**Dataset section**:
______________________________
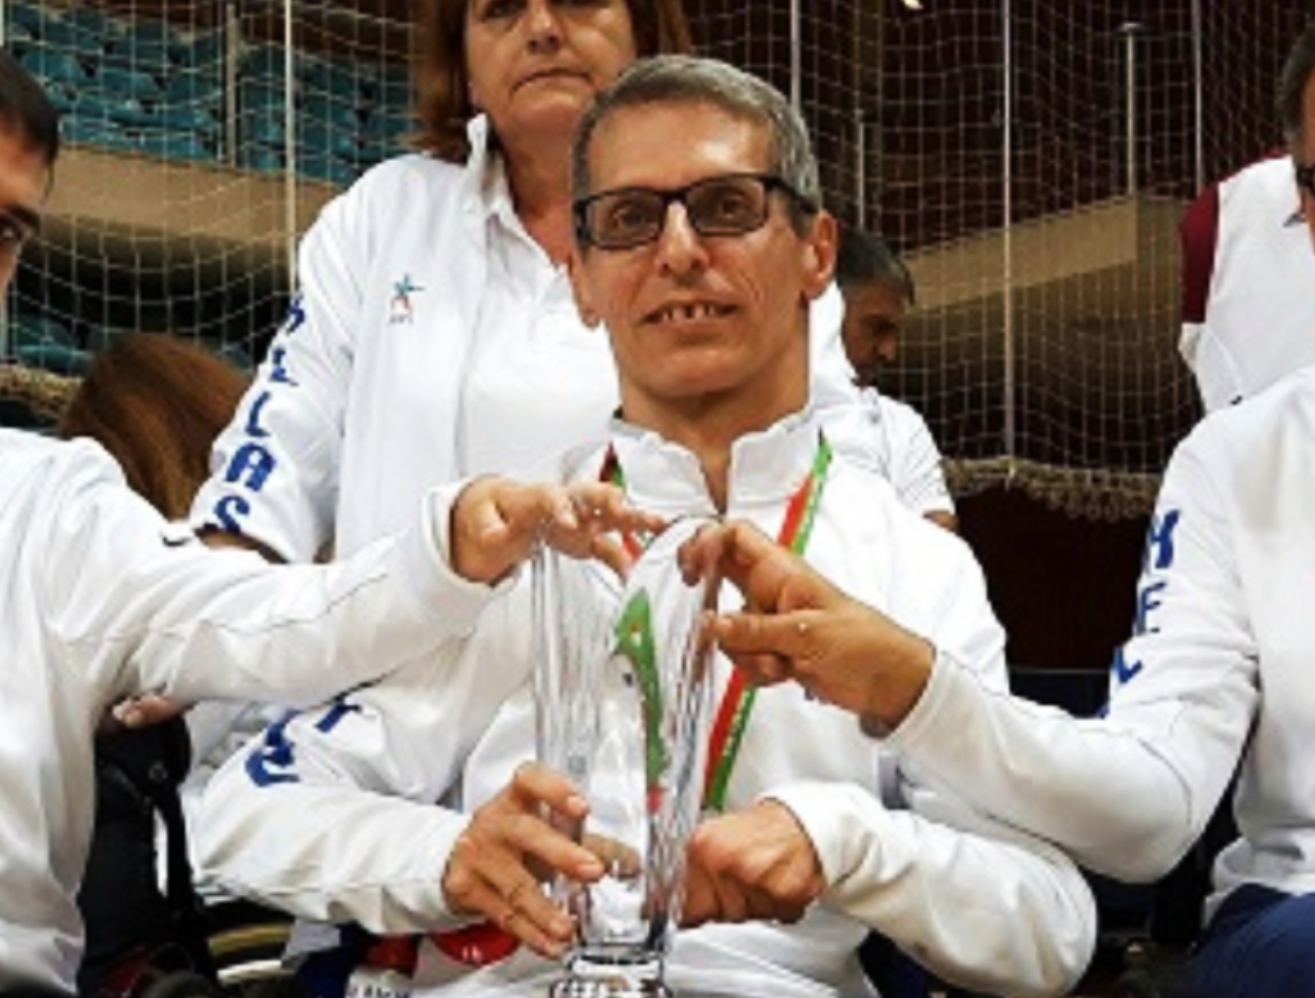 Μνημείο δύναμης ο 55χρονος αθλητής των Παραολυμπιακών και φοιτητής που διαπρέπει στο ΑΠΘ
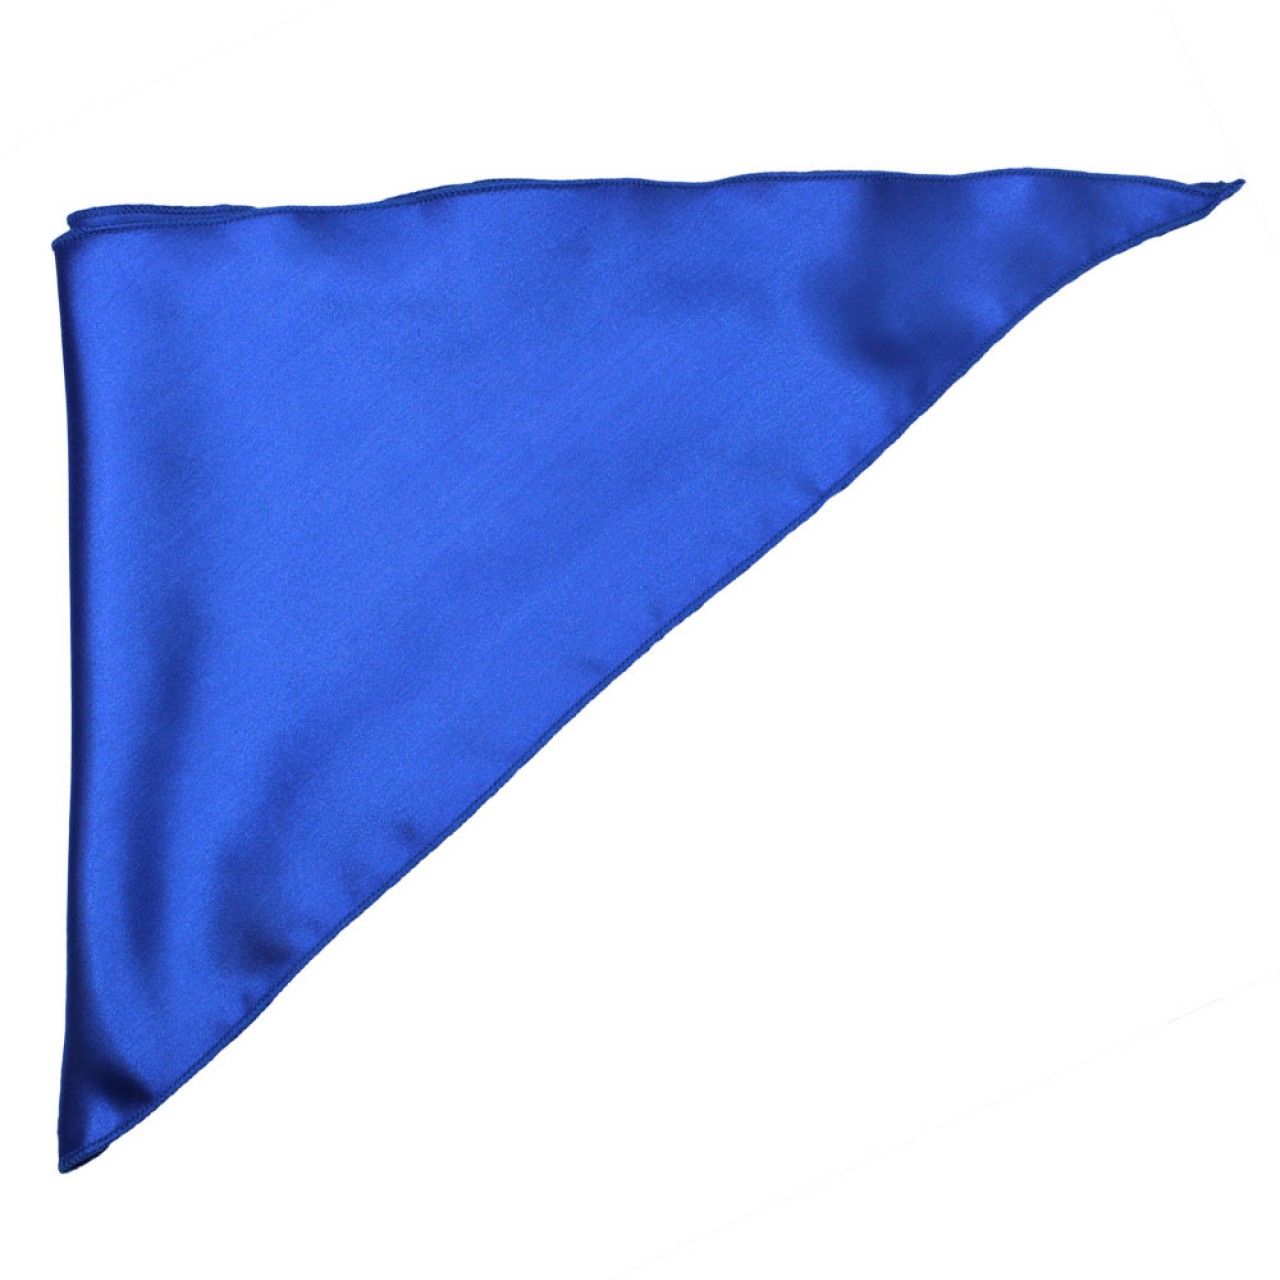 Σατέν Φουλάρι Μαντήλι Παρέλασης Τρίγωνο 92cm x 58cm Μπλε Ρουά JFWSCARF3
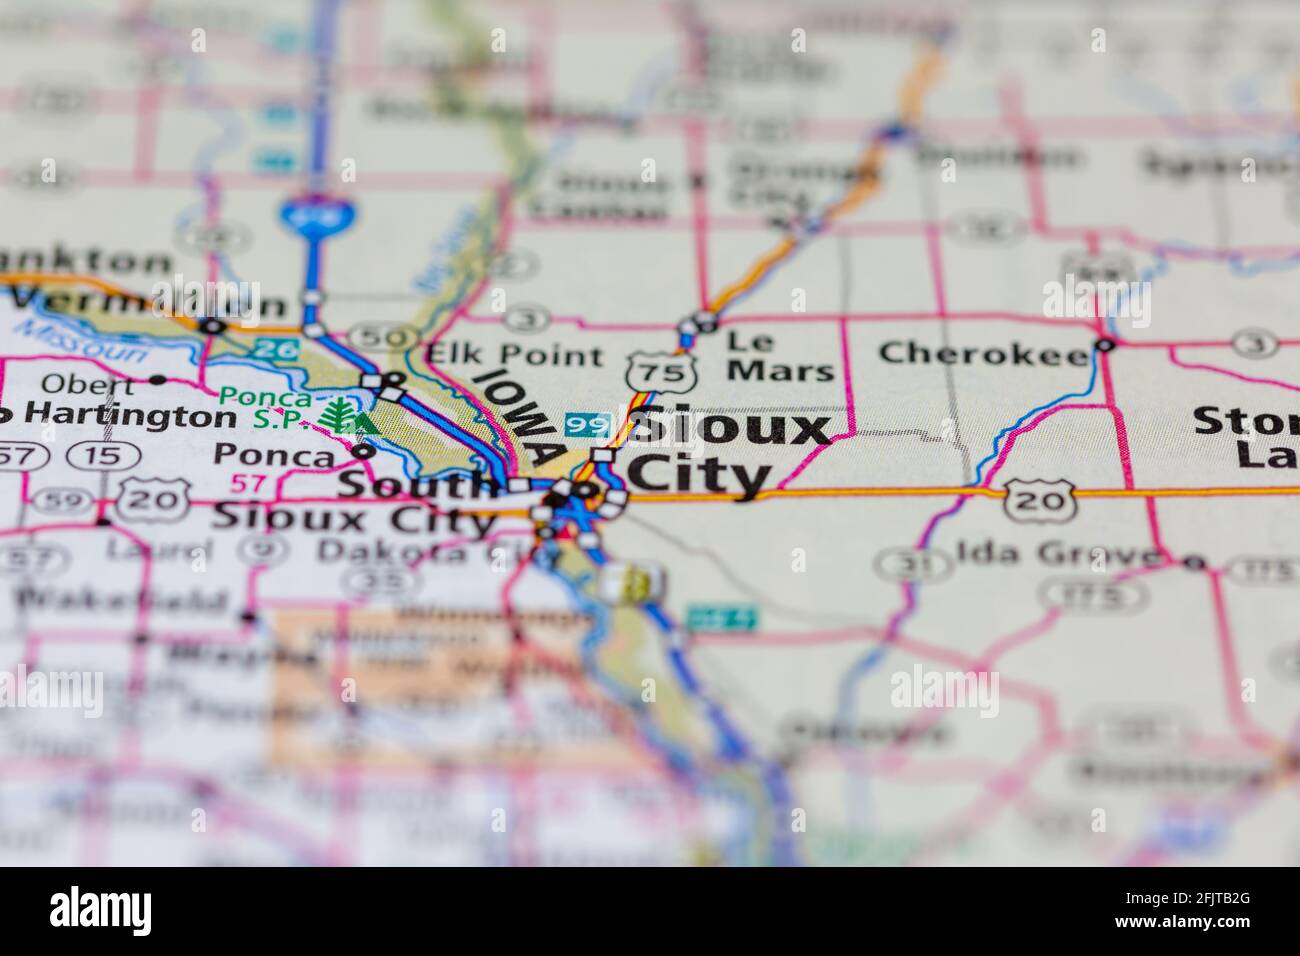 Sioux City iowa USA et ses environs illustrés sur un Carte routière ou carte géographique Banque D'Images
______________________________
**Work instruction**: Copy the whole listing above word for word but do not carry over the pictures.

**Exercise solution**:
 Μνημείο δύναμης ο 55χρονος αθλητής των Παραολυμπιακών και φοιτητής που διαπρέπει στο ΑΠΘ
 Σατέν Φουλάρι Μαντήλι Παρέλασης Τρίγωνο 92cm x 58cm Μπλε Ρουά JFWSCARF3
 Sioux City iowa USA et ses environs illustrés sur un Carte routière ou carte géographique Banque D'Images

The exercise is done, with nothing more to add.